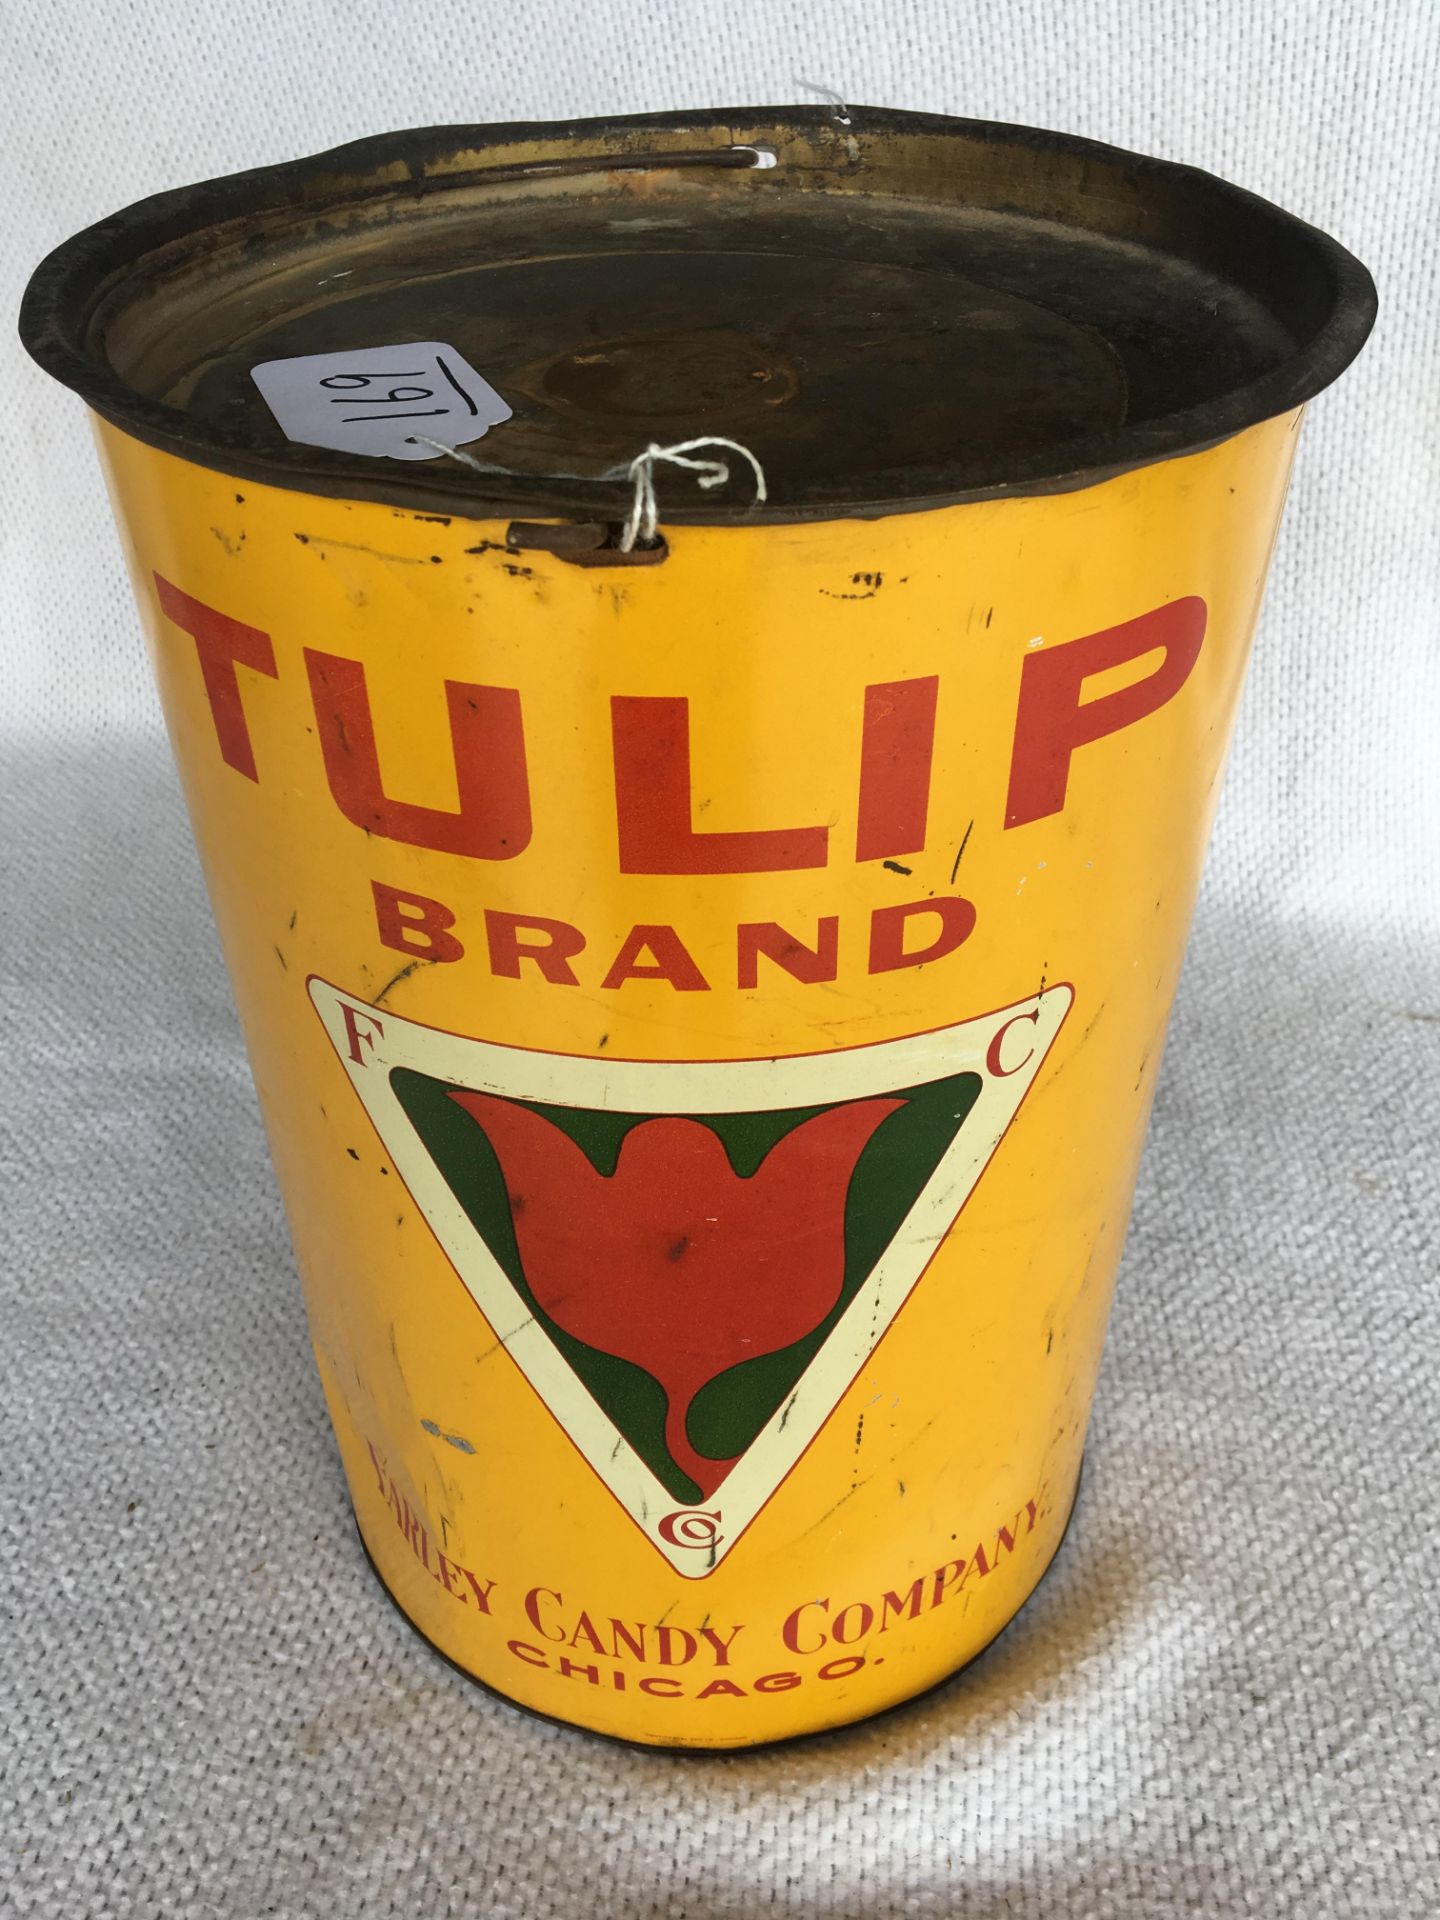 Tulip Brand tin, 15 1/4”, Farley Candy Company – Chicago, IL. - Image 2 of 2
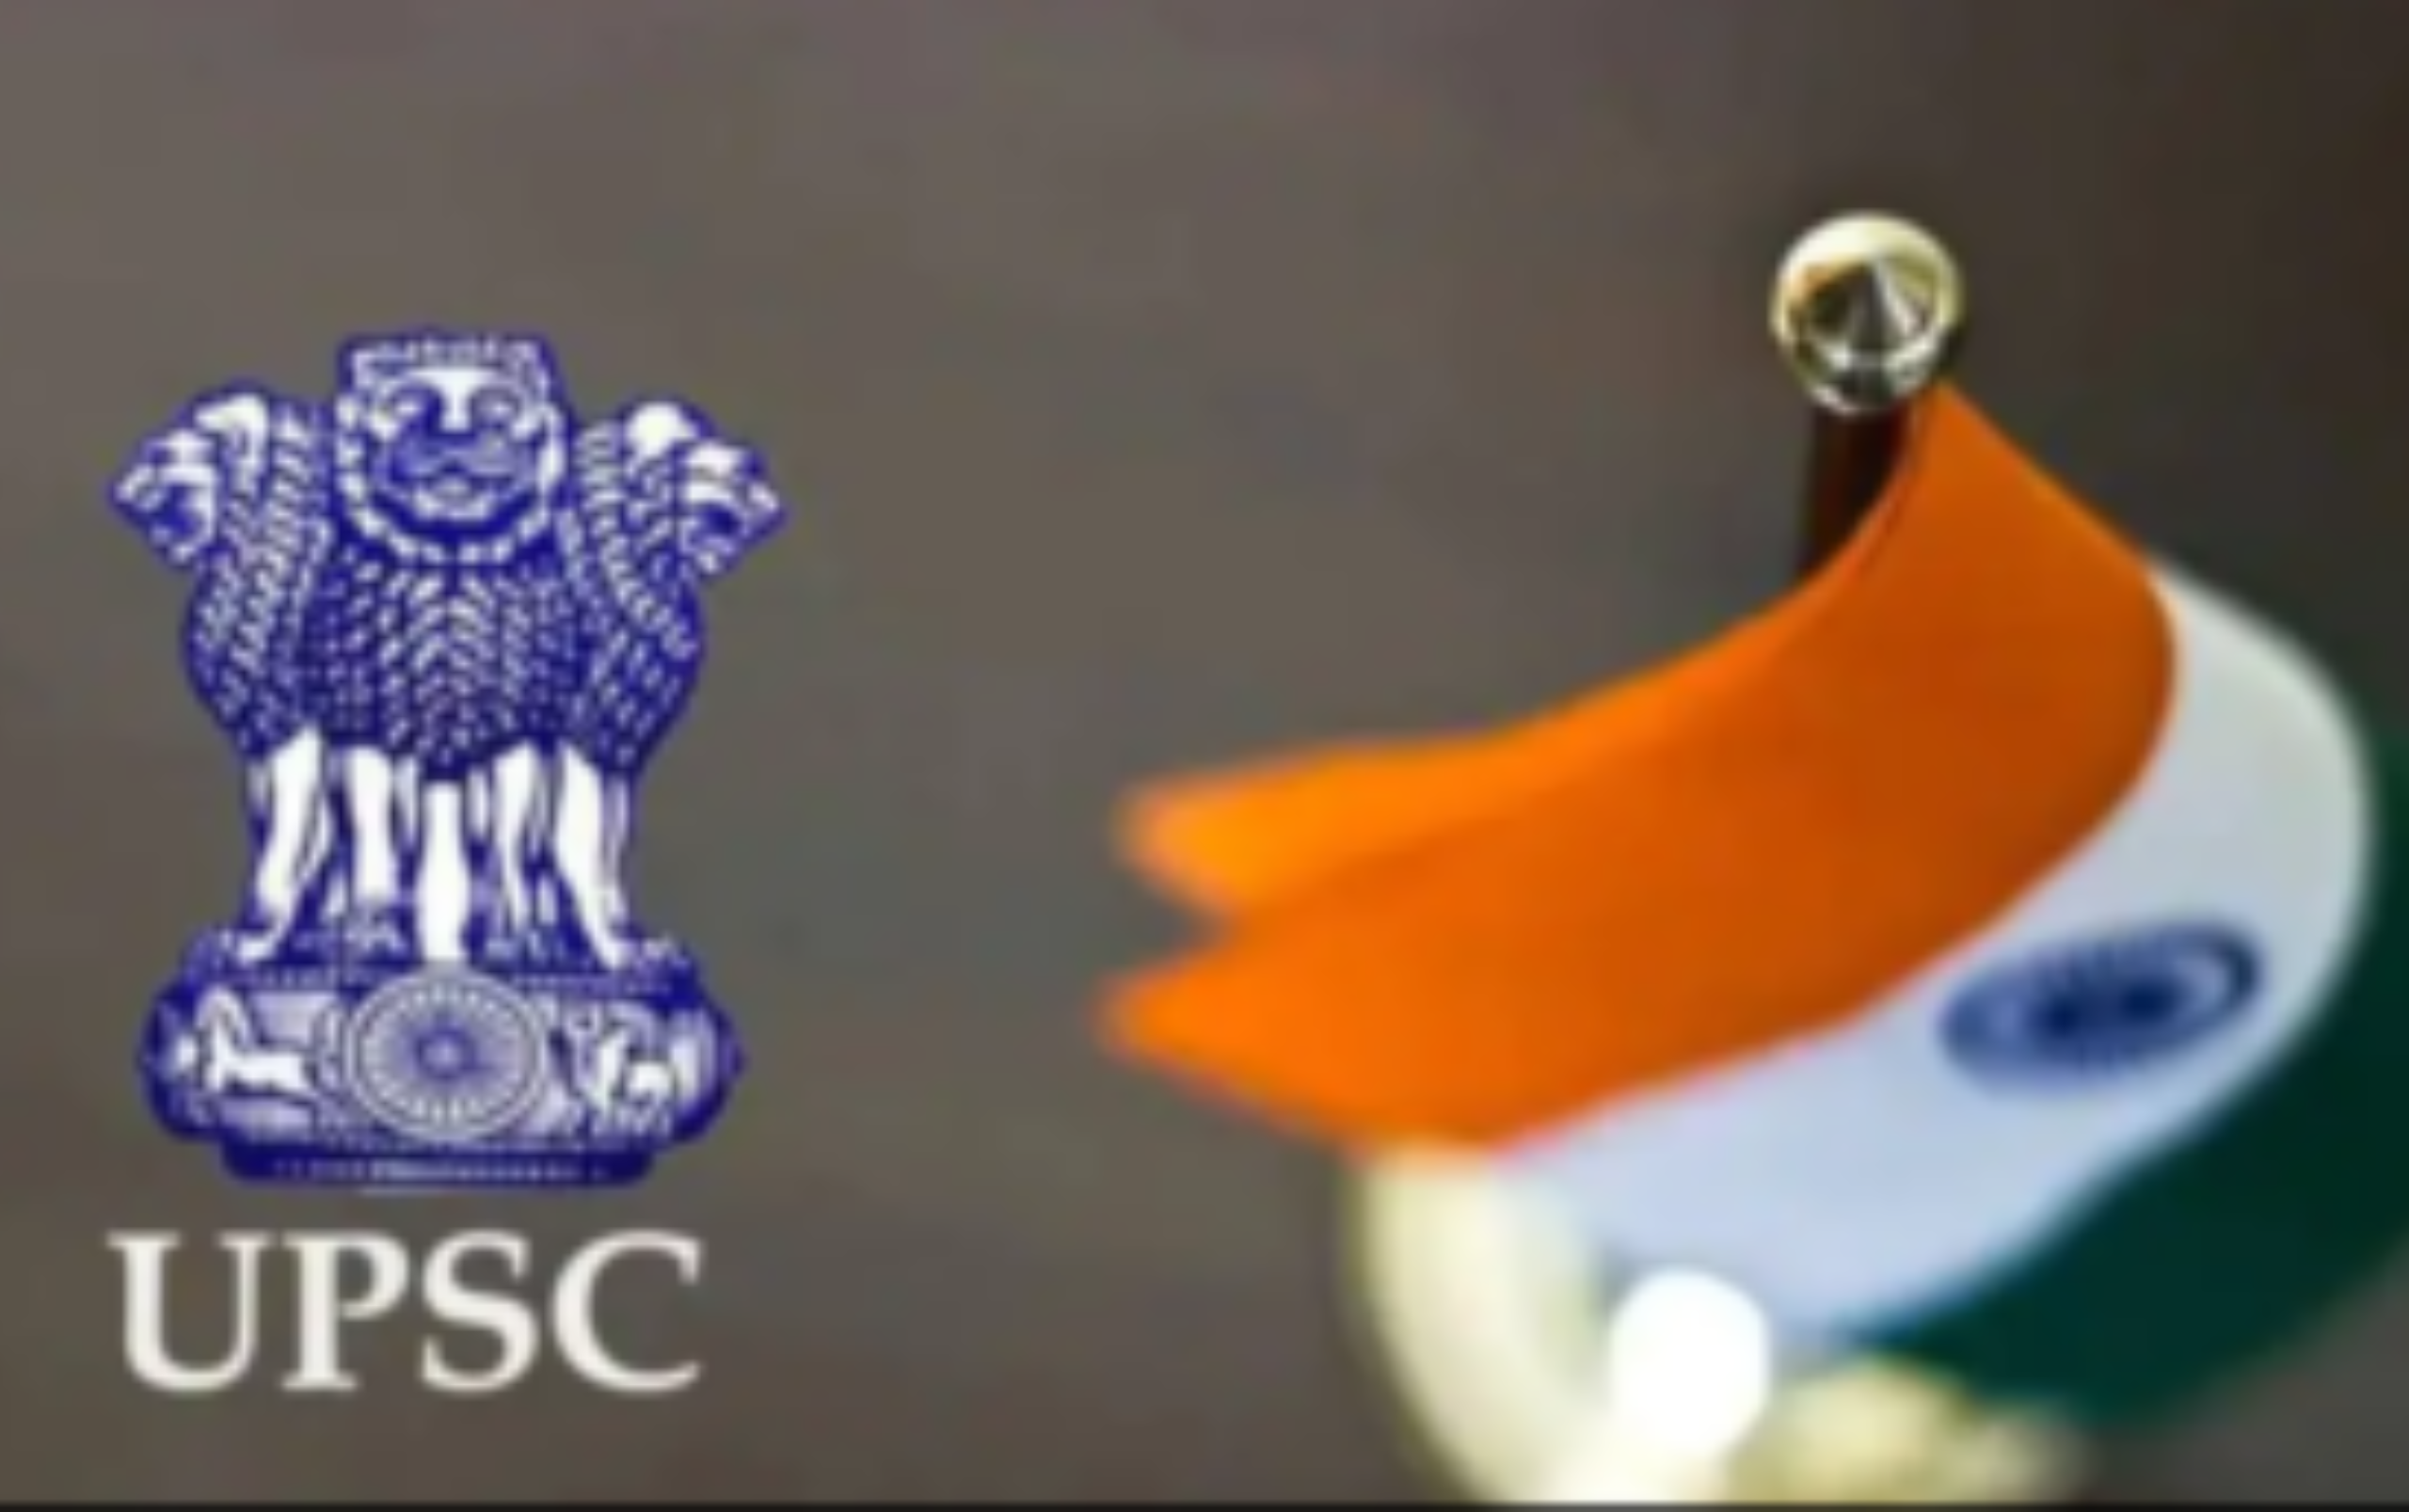 UPSC Background and history
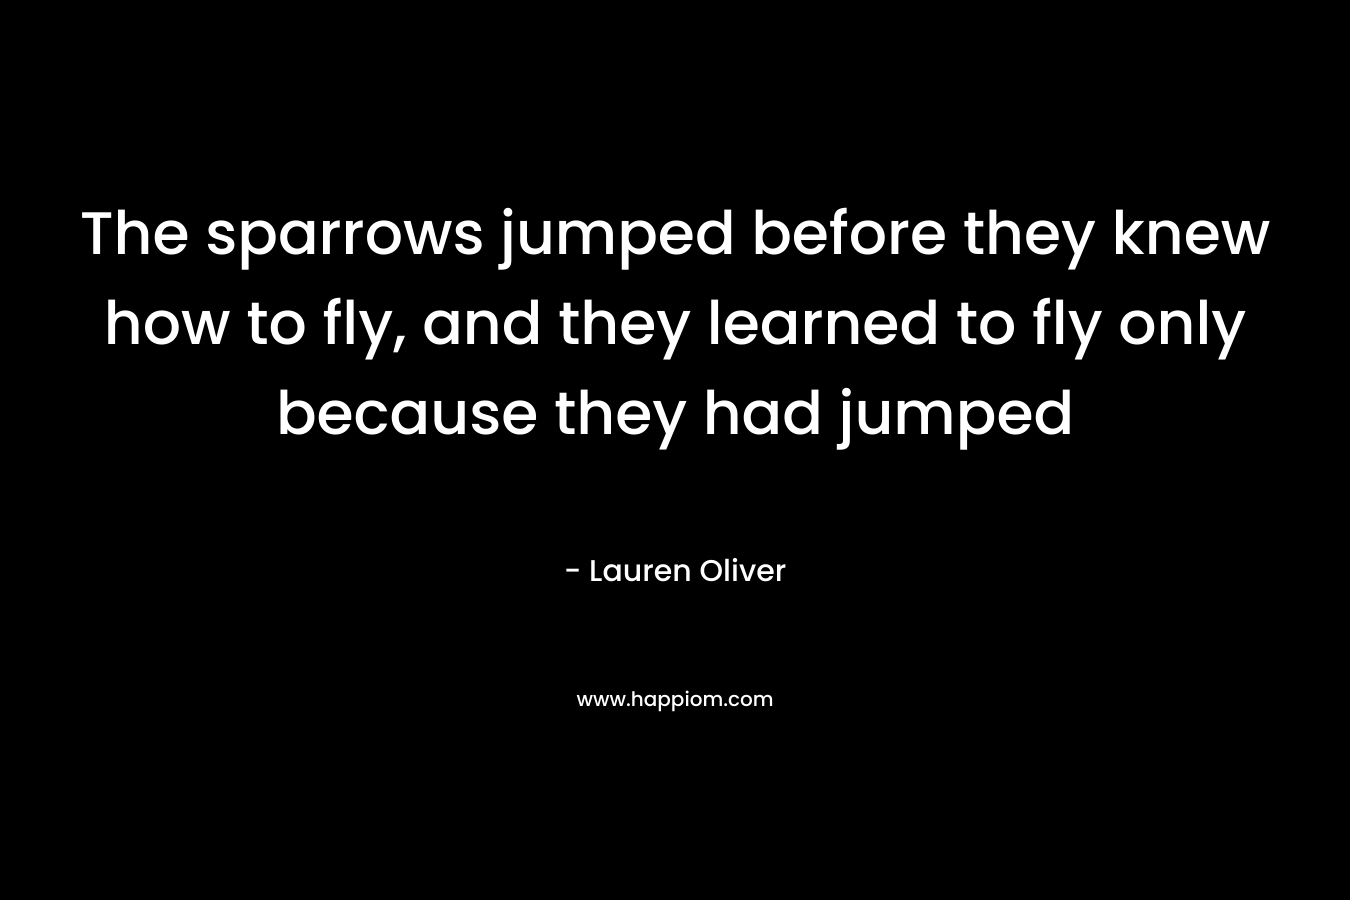 The sparrows jumped before they knew how to fly, and they learned to fly only because they had jumped – Lauren Oliver
○ ○ ○ ○
Starting from the line that has "UPSC Background and history" and ending at the last line of the material above, every line should be output exactly; pictures are dropped and nothing else appears.

» Written reply
 UPSC Background and history
 The sparrows jumped before they knew how to fly, and they learned to fly only because they had jumped – Lauren Oliver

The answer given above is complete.